Our experiences were very different and yet there was a surprising amount of overlap. We both sought to build a life rooted in meaning and our values, even with extreme limitations and traumatic losses.


Knox’s epiphany made me think of Viktor Frankl’s Man’s Search For Meaning, a book about his experiences in Nazi concentration camps. In it, Frankl wrote, “When we are no longer able to change a situation, we are challenged to change ourselves.” Changing ourselves is exactly what Knox is writing about. Her epiphany sounds like a complete change of perspective.

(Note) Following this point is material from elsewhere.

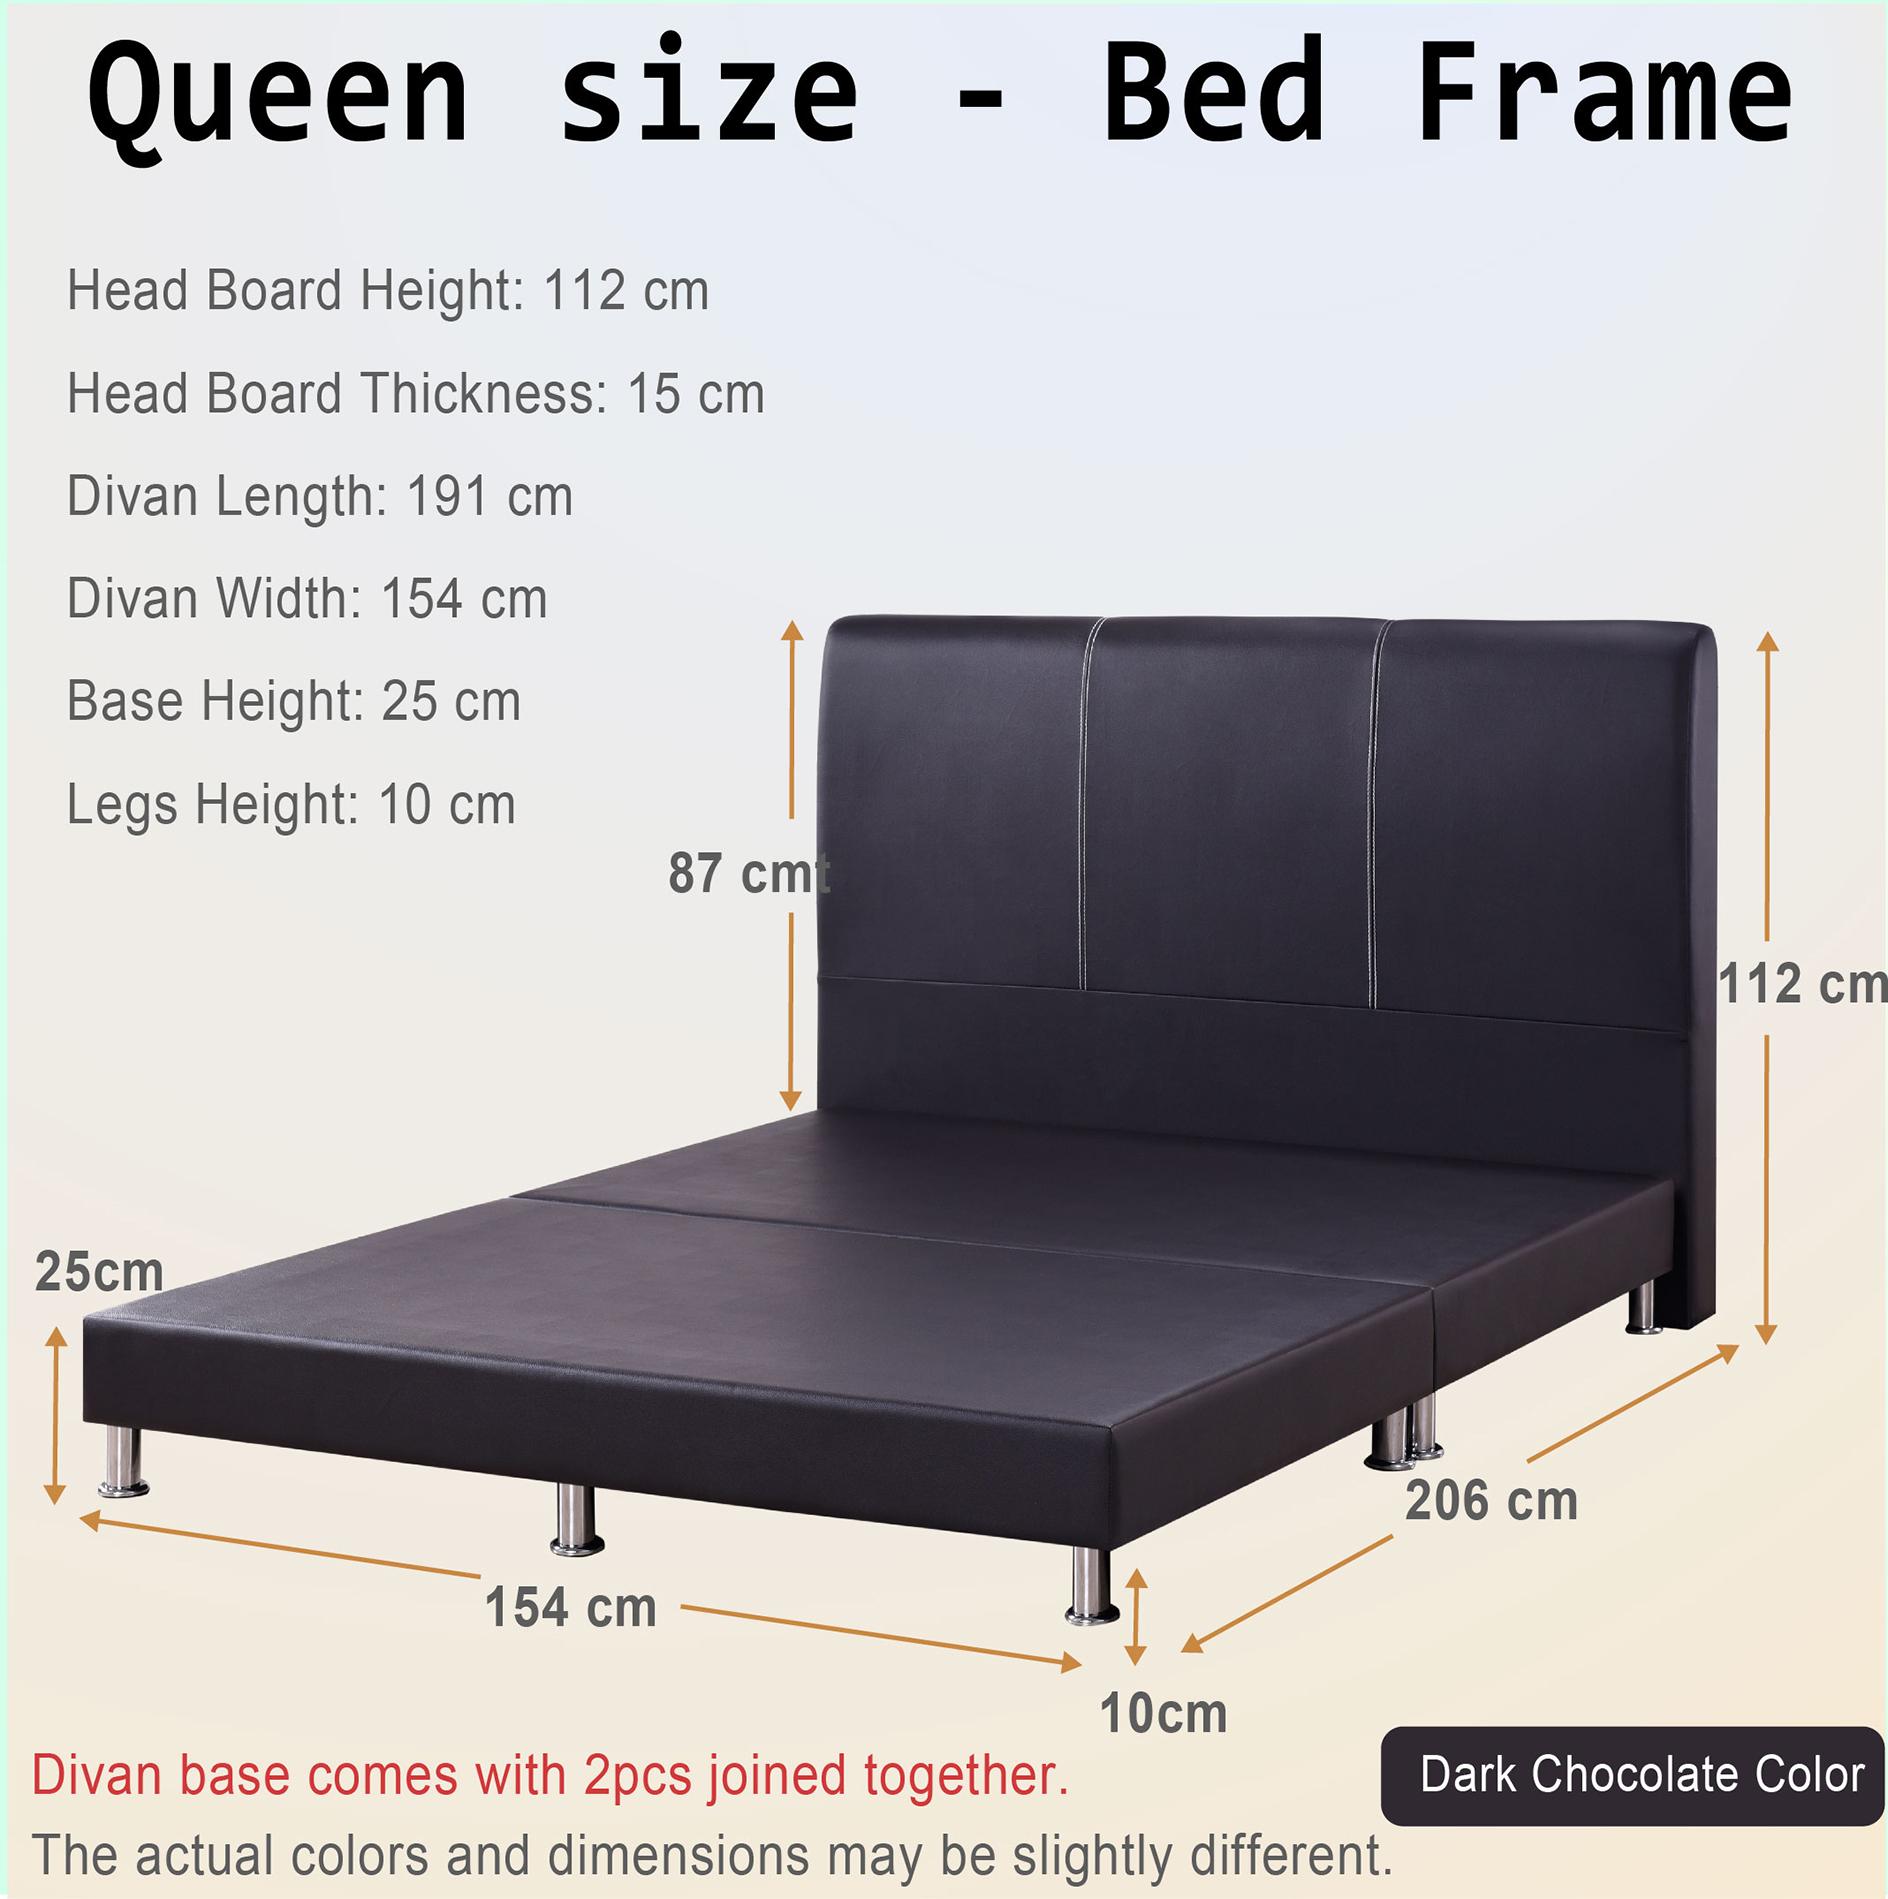 Queen Size Bed Frame Un402, Queen Size Bed Dimensions Cm Singapore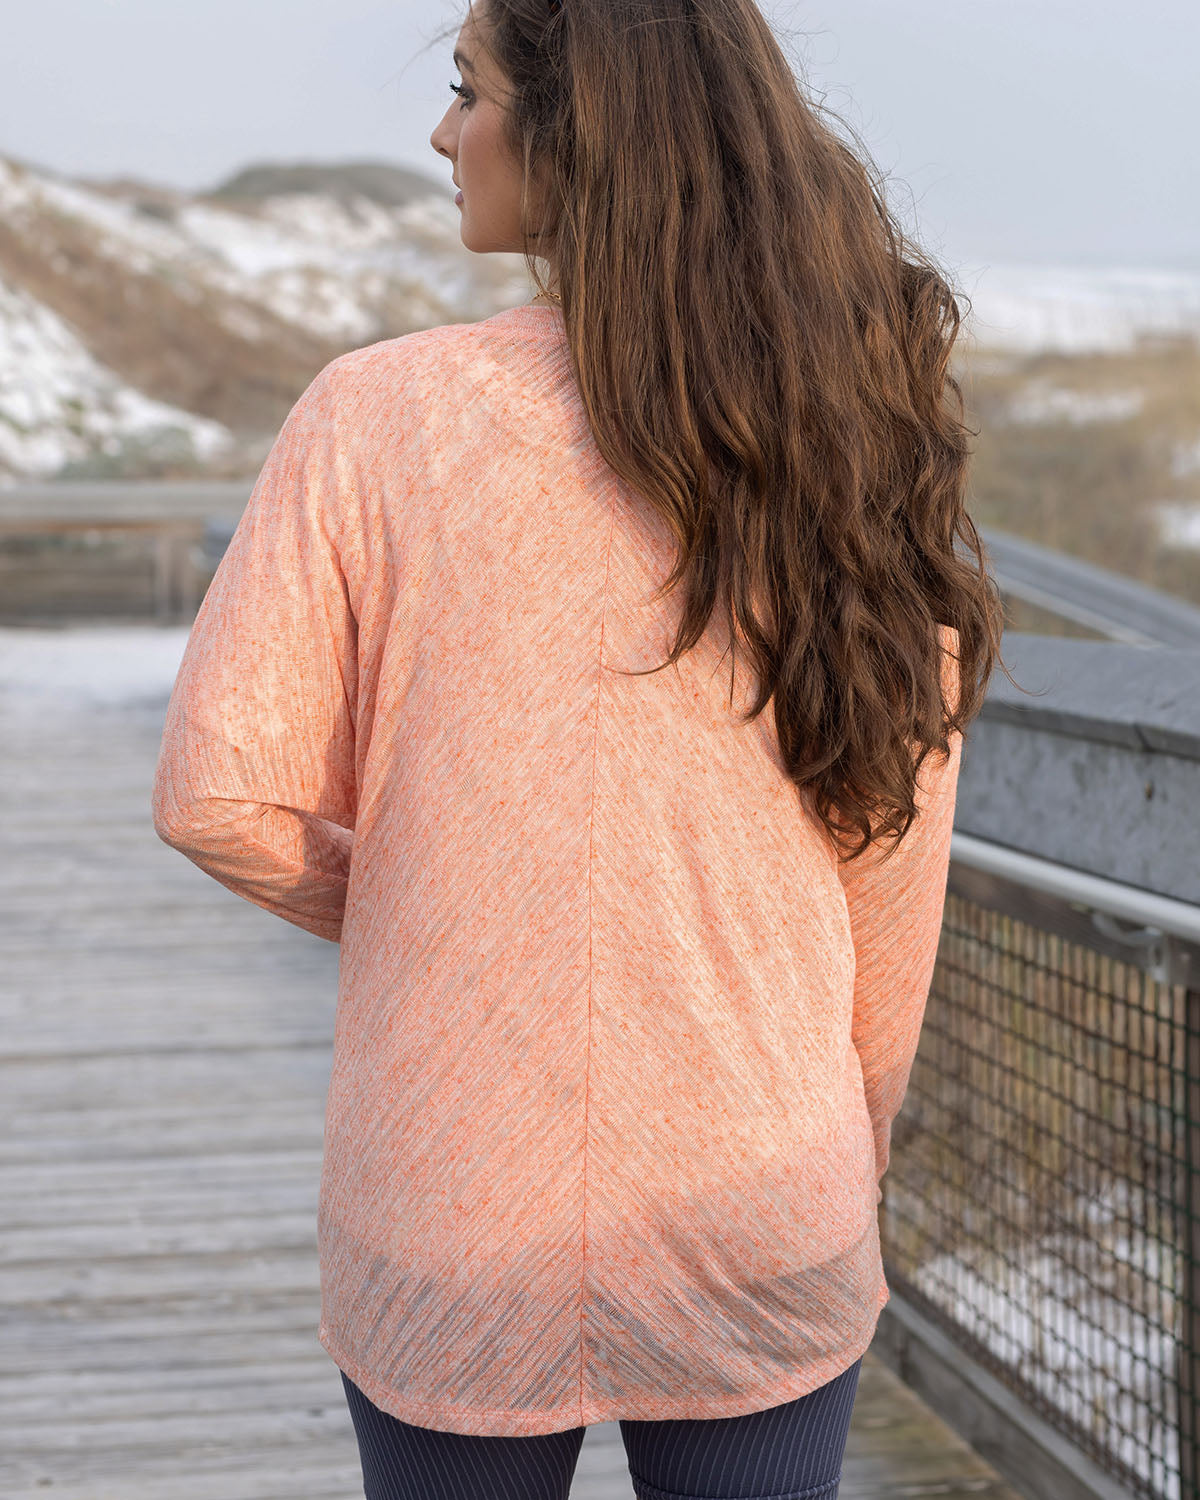 Airy Cocoon Slub Cardigan in FINAL Grace Lace Dreamsicle SALE - and

My change of perspective came from devouring essays and books on Disability Justice and being in spaces with other disabled people. This new knowledge and perspective changed the way I viewed myself and my disability. In addition, I began to understand through meditation that all I had before me was the present moment. This extreme flare of my illness had felt like a departure from my life. But it was my life. It was all my life. Even if I was living it from my bed.

I’m so grateful that Knox shared her experience with us. Seeing glimpses of ourselves in each other helps us to feel less alone. Seeing people in situations some may consider unimaginable, describing their process of finding meaning is powerful and valuable. Many of us are suffering, in ways big and small. I think we thrive when we are able to hold our suffering in community.

Like many global citizens, at some point, over the last sixteen years I’d read about her case. I had never before considered our similarities. Seeing the reaction to her thread, it seems many people hadn’t. So thank you, Amanda Knox, seeing the ways we are more similar than different is an important message. It’s empowering to know we’re all walking our own tightropes across a bottomless foggy abyss.